## Input data
---+---

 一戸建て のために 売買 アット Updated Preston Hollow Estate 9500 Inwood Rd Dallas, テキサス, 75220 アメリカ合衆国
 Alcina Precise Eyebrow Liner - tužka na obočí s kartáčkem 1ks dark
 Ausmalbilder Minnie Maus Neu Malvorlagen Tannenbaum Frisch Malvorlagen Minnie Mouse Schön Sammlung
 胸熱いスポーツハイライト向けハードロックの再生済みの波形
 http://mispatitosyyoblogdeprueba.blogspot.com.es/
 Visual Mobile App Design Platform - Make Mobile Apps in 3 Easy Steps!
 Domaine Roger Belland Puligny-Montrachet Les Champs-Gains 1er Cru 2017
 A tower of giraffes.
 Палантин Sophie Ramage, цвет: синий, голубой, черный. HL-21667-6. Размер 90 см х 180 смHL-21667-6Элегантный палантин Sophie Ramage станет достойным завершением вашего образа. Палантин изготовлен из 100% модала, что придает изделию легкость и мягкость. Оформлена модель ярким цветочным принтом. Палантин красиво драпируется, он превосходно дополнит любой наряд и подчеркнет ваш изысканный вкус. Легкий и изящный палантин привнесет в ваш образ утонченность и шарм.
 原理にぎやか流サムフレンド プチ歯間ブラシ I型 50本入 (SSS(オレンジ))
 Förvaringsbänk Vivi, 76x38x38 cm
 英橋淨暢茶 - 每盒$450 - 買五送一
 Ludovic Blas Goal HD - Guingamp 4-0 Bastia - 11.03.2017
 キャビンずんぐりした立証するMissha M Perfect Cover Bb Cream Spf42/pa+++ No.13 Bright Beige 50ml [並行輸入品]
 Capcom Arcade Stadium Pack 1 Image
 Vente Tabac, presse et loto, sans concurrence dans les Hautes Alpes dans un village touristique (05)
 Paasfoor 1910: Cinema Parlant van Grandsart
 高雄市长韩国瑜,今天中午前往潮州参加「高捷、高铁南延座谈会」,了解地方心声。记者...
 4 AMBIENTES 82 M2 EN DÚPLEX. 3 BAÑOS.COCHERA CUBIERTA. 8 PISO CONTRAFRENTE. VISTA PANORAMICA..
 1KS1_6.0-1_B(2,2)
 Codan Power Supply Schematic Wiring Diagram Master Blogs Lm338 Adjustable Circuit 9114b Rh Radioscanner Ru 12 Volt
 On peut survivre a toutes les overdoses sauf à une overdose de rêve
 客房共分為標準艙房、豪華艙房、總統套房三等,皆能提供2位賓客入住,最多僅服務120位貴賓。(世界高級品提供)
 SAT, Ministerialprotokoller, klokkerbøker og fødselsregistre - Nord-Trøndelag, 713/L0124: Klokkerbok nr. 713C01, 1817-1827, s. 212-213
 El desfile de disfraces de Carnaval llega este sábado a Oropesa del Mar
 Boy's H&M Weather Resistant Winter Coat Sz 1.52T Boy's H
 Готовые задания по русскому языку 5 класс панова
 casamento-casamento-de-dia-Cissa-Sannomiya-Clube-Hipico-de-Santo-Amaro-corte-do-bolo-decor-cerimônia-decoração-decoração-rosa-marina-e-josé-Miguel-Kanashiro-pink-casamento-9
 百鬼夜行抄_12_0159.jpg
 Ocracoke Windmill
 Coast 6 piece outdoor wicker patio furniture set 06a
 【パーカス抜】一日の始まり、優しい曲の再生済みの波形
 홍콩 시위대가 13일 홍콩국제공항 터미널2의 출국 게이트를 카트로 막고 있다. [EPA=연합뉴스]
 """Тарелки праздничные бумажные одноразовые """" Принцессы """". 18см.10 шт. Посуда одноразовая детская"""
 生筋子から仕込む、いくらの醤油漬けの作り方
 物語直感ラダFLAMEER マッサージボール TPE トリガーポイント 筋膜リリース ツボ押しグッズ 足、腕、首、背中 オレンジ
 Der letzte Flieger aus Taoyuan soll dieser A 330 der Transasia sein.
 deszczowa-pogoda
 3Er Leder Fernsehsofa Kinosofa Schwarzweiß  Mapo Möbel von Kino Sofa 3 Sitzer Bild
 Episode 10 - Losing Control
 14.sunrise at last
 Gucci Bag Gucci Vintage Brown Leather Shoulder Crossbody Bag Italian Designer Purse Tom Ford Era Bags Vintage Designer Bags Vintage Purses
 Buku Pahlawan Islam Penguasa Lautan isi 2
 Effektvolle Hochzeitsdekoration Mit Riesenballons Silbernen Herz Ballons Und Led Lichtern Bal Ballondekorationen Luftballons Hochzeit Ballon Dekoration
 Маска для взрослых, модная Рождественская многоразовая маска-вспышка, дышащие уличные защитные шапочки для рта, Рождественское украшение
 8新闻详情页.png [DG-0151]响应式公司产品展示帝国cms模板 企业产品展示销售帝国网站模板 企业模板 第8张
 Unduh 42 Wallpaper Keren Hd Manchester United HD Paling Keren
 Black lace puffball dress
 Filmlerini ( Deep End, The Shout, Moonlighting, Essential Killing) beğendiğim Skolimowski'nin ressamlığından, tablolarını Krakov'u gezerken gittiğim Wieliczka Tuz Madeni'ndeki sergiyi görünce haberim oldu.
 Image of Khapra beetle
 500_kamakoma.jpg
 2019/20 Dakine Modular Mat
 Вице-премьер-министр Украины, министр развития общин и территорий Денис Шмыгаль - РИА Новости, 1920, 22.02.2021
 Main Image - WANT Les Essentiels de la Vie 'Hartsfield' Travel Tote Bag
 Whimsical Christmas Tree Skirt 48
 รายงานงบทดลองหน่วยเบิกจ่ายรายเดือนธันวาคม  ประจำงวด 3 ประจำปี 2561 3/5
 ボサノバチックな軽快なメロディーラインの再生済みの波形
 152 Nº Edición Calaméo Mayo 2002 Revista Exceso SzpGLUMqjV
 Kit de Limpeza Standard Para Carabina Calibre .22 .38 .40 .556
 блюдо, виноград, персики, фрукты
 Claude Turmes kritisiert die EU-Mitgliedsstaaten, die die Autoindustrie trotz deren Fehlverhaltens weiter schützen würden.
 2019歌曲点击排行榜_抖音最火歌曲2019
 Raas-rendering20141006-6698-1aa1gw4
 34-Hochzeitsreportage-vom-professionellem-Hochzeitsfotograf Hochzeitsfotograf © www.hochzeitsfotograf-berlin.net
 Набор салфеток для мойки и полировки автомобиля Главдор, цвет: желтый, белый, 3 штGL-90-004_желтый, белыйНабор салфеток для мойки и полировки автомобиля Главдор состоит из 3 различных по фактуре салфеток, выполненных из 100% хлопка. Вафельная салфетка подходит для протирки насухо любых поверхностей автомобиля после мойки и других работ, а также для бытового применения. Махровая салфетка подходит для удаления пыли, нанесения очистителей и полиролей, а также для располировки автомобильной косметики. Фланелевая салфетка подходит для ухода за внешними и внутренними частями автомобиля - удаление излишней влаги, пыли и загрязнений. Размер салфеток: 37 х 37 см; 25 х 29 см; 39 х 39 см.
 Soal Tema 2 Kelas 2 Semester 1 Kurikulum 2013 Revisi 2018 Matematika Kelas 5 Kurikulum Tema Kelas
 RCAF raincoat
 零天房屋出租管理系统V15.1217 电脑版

---+---

In the listing above, find the line with "生筋子から仕込む、いくらの醤油漬けの作り方" and the line with "14.sunrise at last". Output those two lines and every line between them, exactly as written.

 生筋子から仕込む、いくらの醤油漬けの作り方
 物語直感ラダFLAMEER マッサージボール TPE トリガーポイント 筋膜リリース ツボ押しグッズ 足、腕、首、背中 オレンジ
 Der letzte Flieger aus Taoyuan soll dieser A 330 der Transasia sein.
 deszczowa-pogoda
 3Er Leder Fernsehsofa Kinosofa Schwarzweiß  Mapo Möbel von Kino Sofa 3 Sitzer Bild
 Episode 10 - Losing Control
 14.sunrise at last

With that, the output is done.